In the old days (only six years ago!) search engines found that the way to seem smart was to use software to weigh the supposed relevance of the results of any search. Various algorithms used word counts of the web page title, keywords list, description, and beginning text, and each page was brazenly quantified as 98% or 73% or 6% relevant. No doubt the numbers were true to the algorithm but to the Poe researcher they seemed meaningless if not silly. Too often unconnected or expired pages floated to the top, while meatier ones were lost below. So the software gurus hit on a very radical idea: why not bring back human beings? Editors were expected to use their judgment to create directories on fixed subjects, such as standard American authors. So the early machine-made search engines came to be supplemented by human-made directories. Although the human editors could get rid of irrelevant or expired links by actually checking them, their editorial judgment revealed that very few were librarians or literary scholars. Soon the syndication of these directorires became a business. Today Open Directory serves Lycos, Hotbot, and Netscape with its 32,000 editors and 325,000 subject categories; Looksmart serves Altavista, Excite, and MSN with 200 editors and 200,000 subject categories, and Yahoo has its own 100+ editors and an undisclosed number of subject categories.
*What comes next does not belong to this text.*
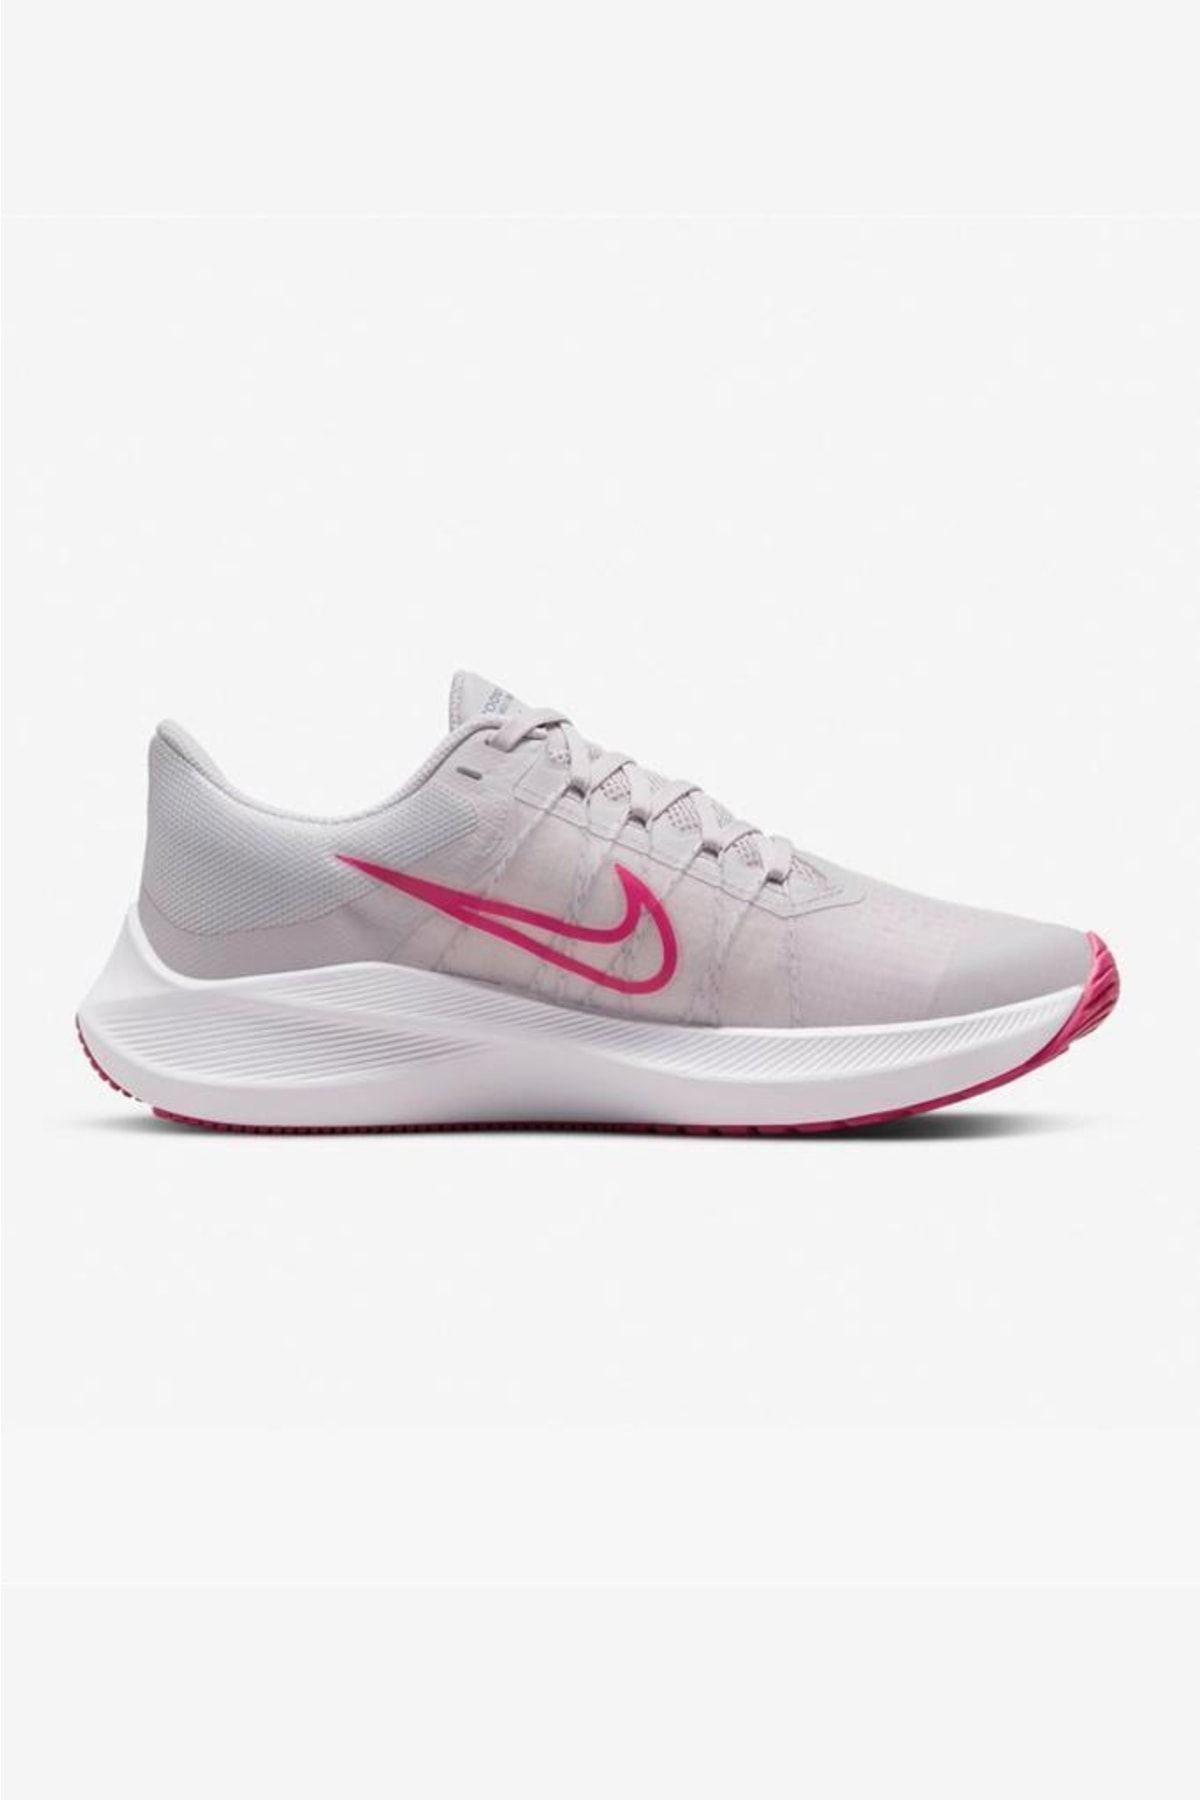 Nike Zoom Winflo 8 Cw3421-503 Pembe Kadın Koşu Ayakkabısı

Yahoo retains its early advantage as the first popular search engine, but some researches long ago drifted to AltaVista, which covered more pages and could be customized by the user, while others swore by Hotbot, which seemed to deliver a better percentage of significant answers. But anyone with the patience and determination to look at the thousands, tens of thousands, and even hundreds of thousands of promised hits in any Poe search was destined to discover that the navigational thread simply expired after the display of a certain number of screenfuls, delivering but a tiny percentage of all those promised. Where were all those additional hits, and what was the point of promising them if they couldn't be displayed? One tactic to overcome this dead end was to dig more narrowly and deeply into these resources by making very specific requests. Another tactic was to keep switching search engines, each operating according to different criteria and thus producing slightly different results. But in the last year or so the entire complexion of internet searching has changed. The promise of relying on human editors proved more complicated and overwhelming than legions of employees or volunteers could handle. So software was given a second chance.
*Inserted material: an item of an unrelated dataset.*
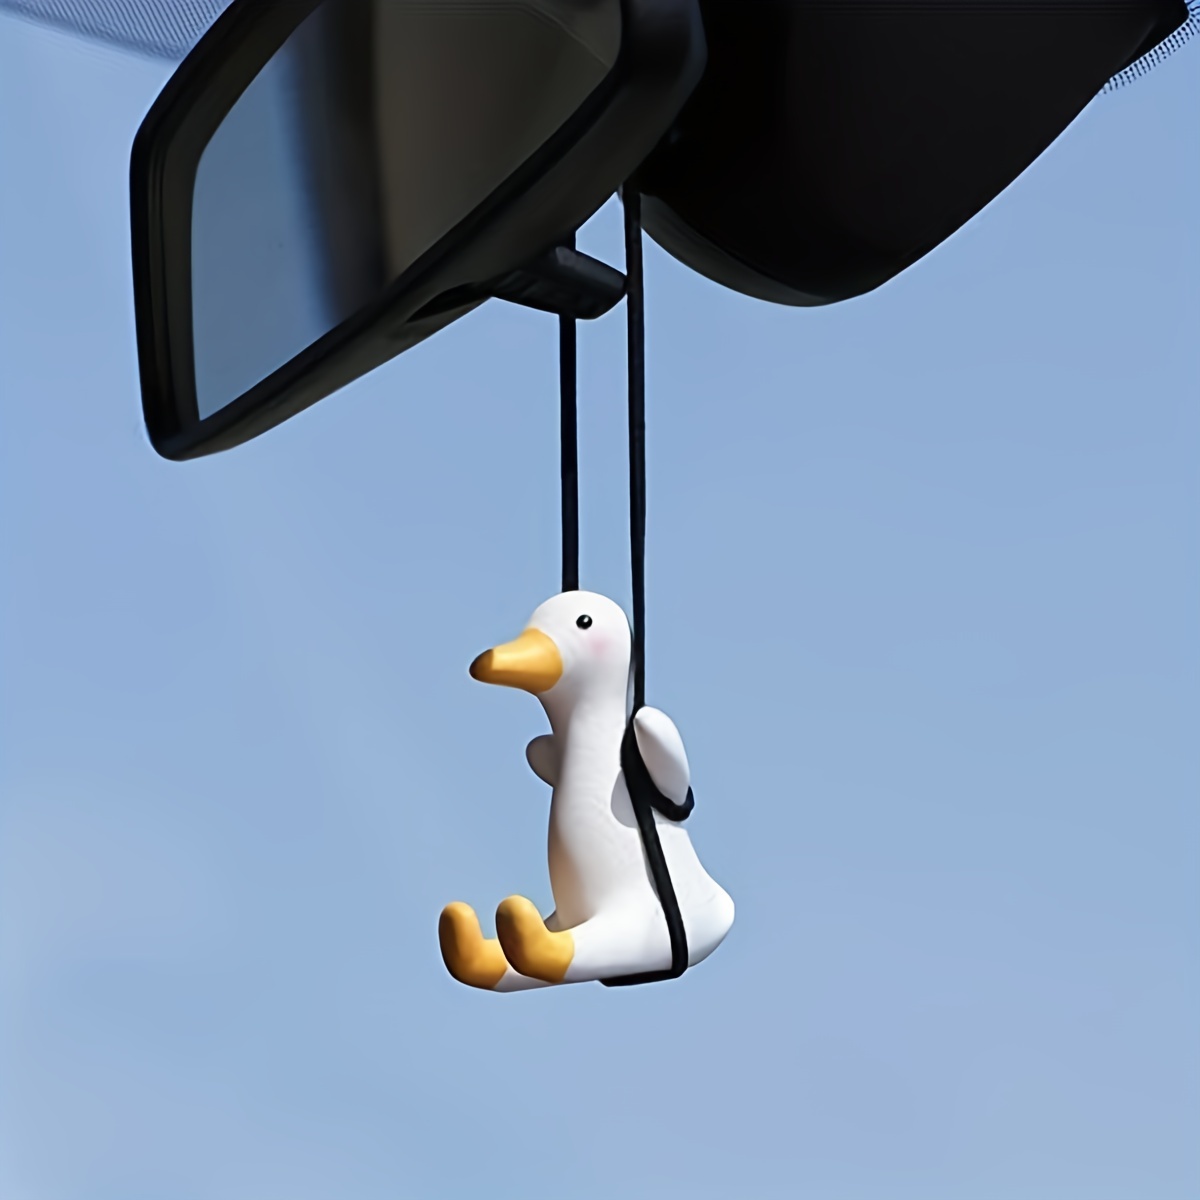 Schwingende Ente Hanging Ornament, SüßE Schaukel Ente auf Auto

A dominant new browser emerged with a name as improbable as Yahoo (but not as improbable as Dogpile), namely Google at http://www.google.com, which avoid the pitfalls of relying exclusively on the taste and preferences of its house staff by using a concensus of other web page authors to weigh each page on Poe or other subjects. Google simply ranks each page according to how many other pages have written links to it, frankly paying more attention to what it deems the more important sites. Thus the ranking of any Poe site depends on how many other significant web authors, academic or general, have deemed it worthwhile. In some fashion the relative quantity translates into relative quality and thus produces a display rank order. The formula has weaknesses in theory but seems remarkably successful in practice. If you type more than one word, Google assumes you want pages which include both words, so if you type poe cryptography -- Google doesn't care about upper or lower case -- you will get hits on the combination of words, not on either word as some early browsers did. (In boolean terms, the default for combining words on Google is and rather than or.) If you are searching for an exact phrase -- for example, suspected plagiarism in a term paper on the Gothic which misspells Poe's name you might put the phrase in quotation marks as in "Edgar Allen Poe" Gothic, the and being understood.
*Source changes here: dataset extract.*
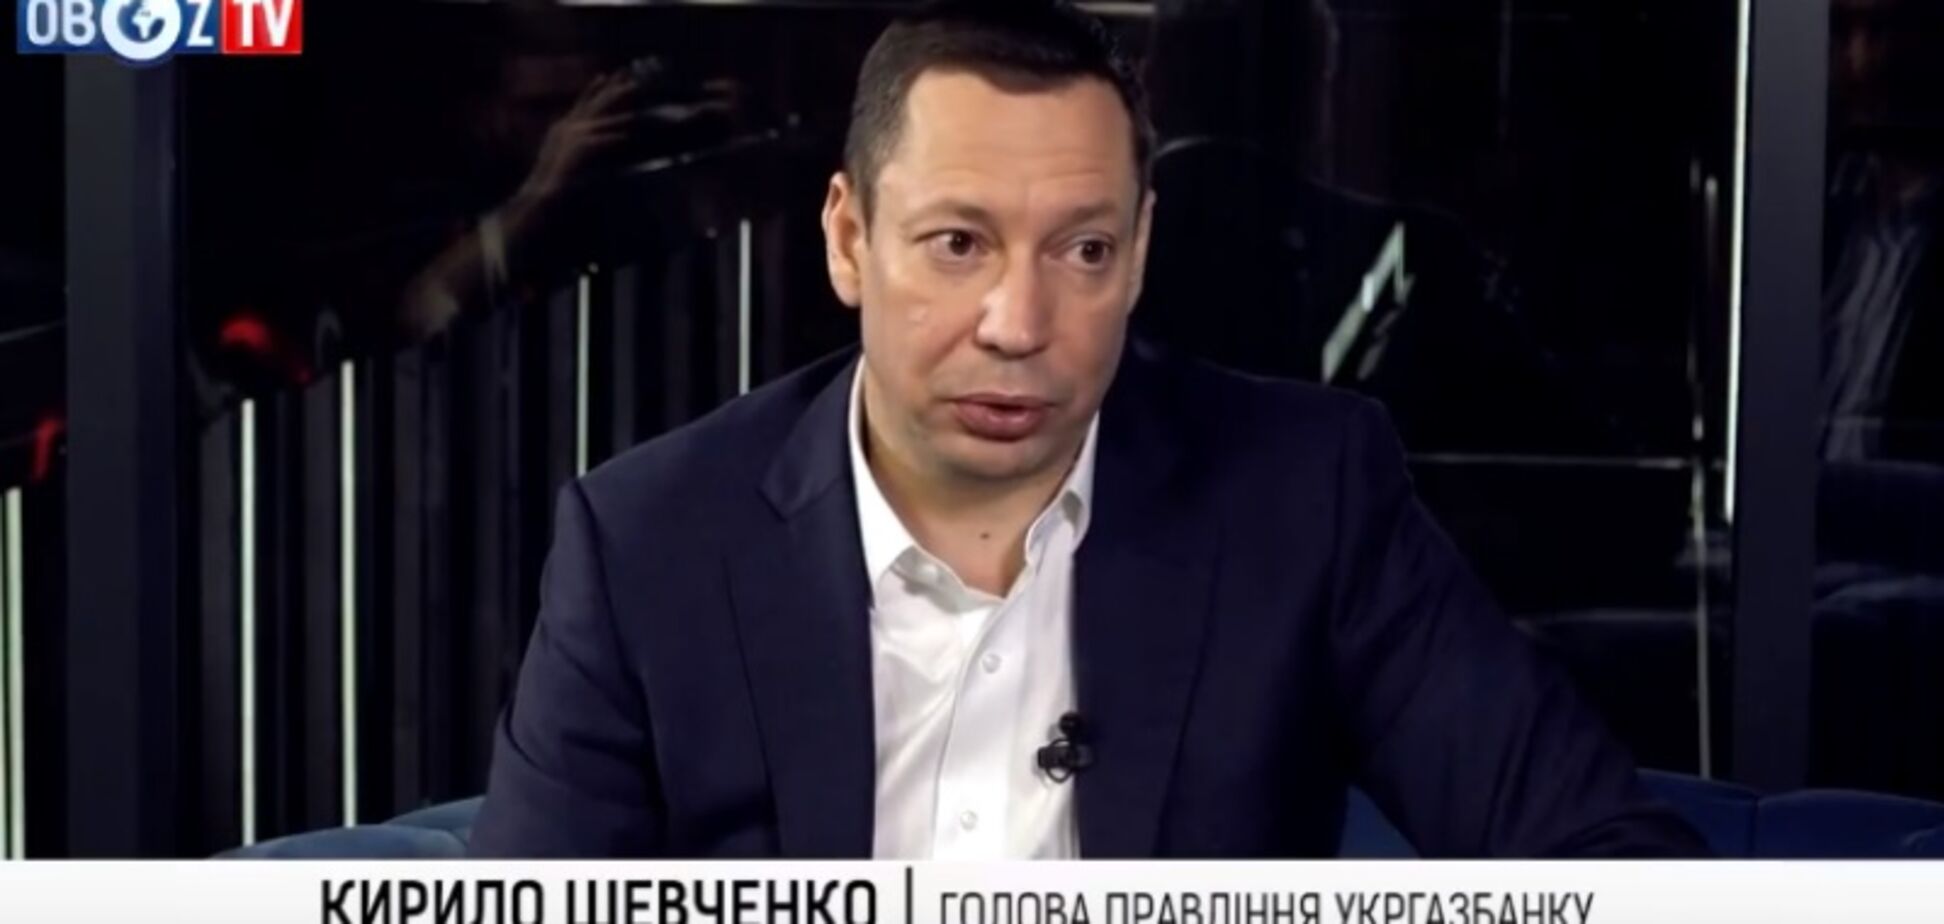 Кирилл Шевченко: я против того, чтобы Украина стала свалкой Европы

Google searches can be configured by the number of hits per run (up to 100), by languages, and by proximity range when multiple words are requested. Having scored a success with its pragmatic computer algorithm, Google is now consolidating its success by introducing human-made directories as well. To get to Poe, the top level directory category is Arts, under which 30,000 Literature entries are claimed. There are several possible pathways to Poe, including such familiar research rubrics as American Literature, Authors, Electronic Text Archives, Fantasy, Fiction, Genres, Mystery, Poetry, Romance, Short Story, and World Literature. I tested American Literature (21 general hits) -- the 19th century (6 hits, Poe being one of three highlighted authors) -- and finally Poe (82), under which came Biography (8) and Works (54), below which Criticism (3), Poems (16), and Tales (16) could be found. Although the structure and procedure felt familiar, at times the results seemed thin and random. Although the directory structure follows subject headings reminiscent of the Dewey or Library of Congress schemes, web pages, unfortunately, are not always composed with these subject classifications in mind.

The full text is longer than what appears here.